I remember playing a game where it was basically a linear tower/dungeon crawl, if you 'died' you lost all experience you gained plus a level. And I'd have gained 3-5 levels during a run, so not being able to run away to get my earned XP in levels which would have helped in those fights, really is annoying.
I could mention a different way a game could have handled it. Instead of losing all that XP and a level when you die, instead make it so that dying is how you level up. In order to level up, you would need to get enough XP and then die.

Rogue Legacy is something like this.

Ultima 5 can actually give you a level on resurrection if you still have enough XP after the resurrection penalty (which can be eliminated if you max out your karma); the catch is that you don't get the random stat boost that you'd get if Lord British would level you up.

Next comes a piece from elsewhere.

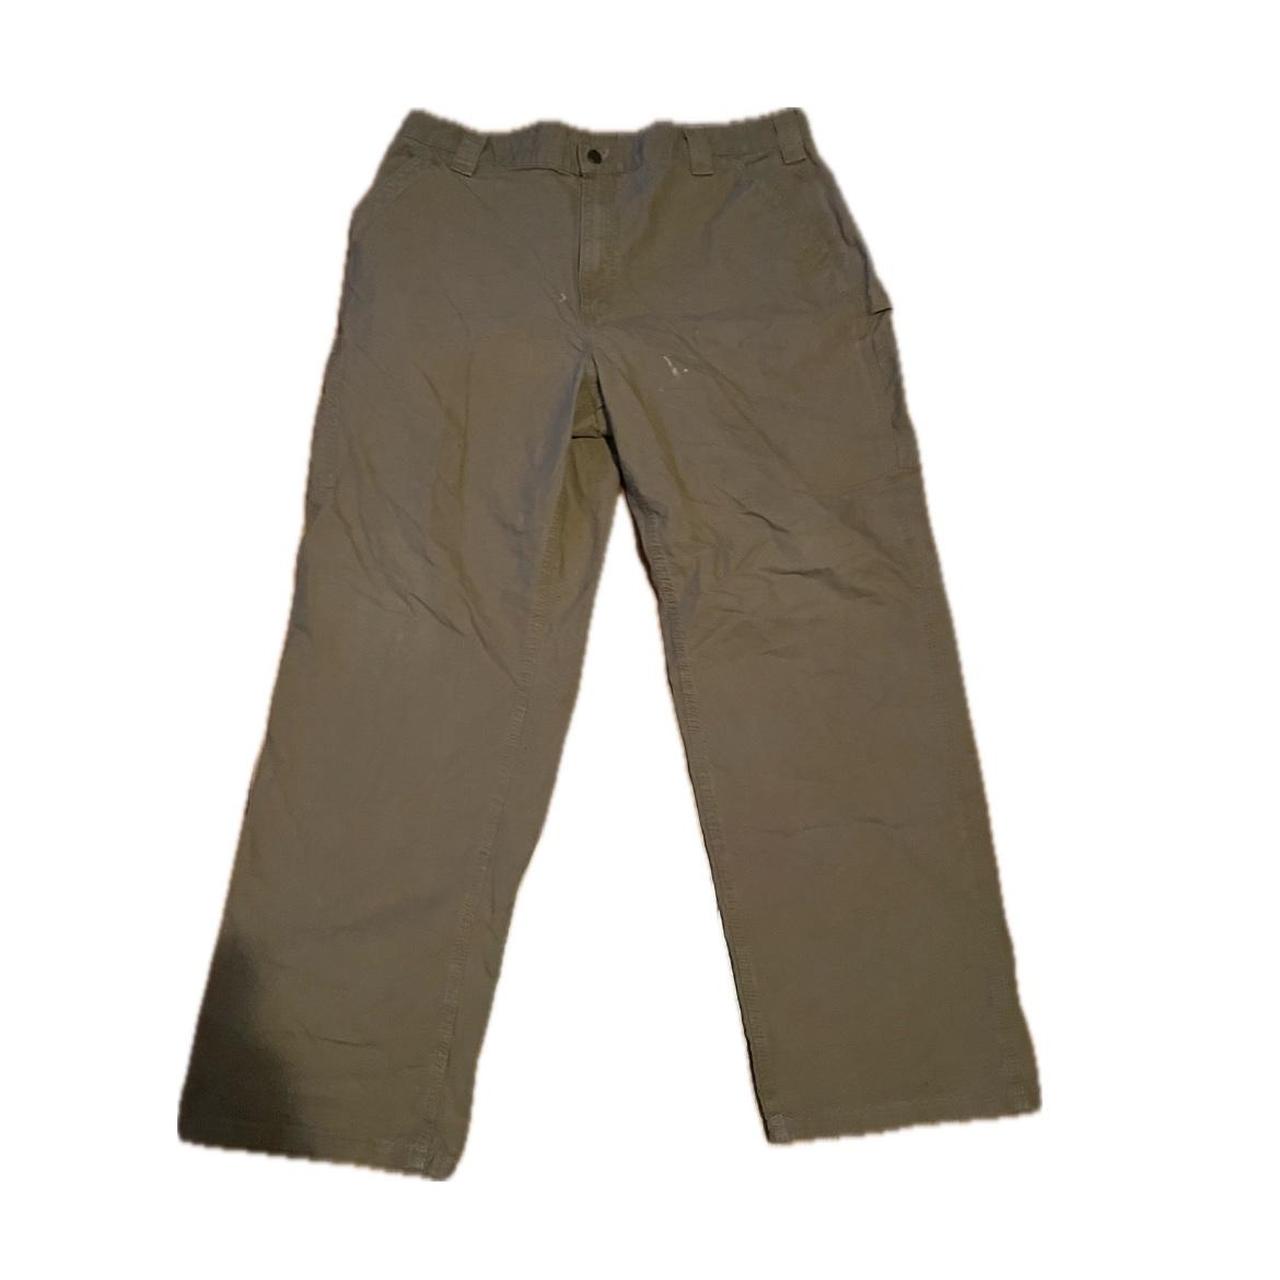 baggy carhartt cargo pants 40/32 - Depop

Incidentally, Ultima 5's form of levelling is particularly annoying. To level up, once you have enough XP, you need to rest and hope that Lord British shows up, and whether he shows up is random. It's certainly worse that either Ultima 4, where you just talk to Lord British in his castle (which is always in the same place), or Ultima 6, where you need to go to a shrine (which are always in the same places).
The correct answer is: it depends.
Some games have a level mechanic that benefits you and it's better to manipulate it how you want. Other games have a level system that just incrementally increases your stats, I don't need to control it. If there is a manual allocation of stats/skills I will always want to control when I level up, or at least when I allocate the rewards.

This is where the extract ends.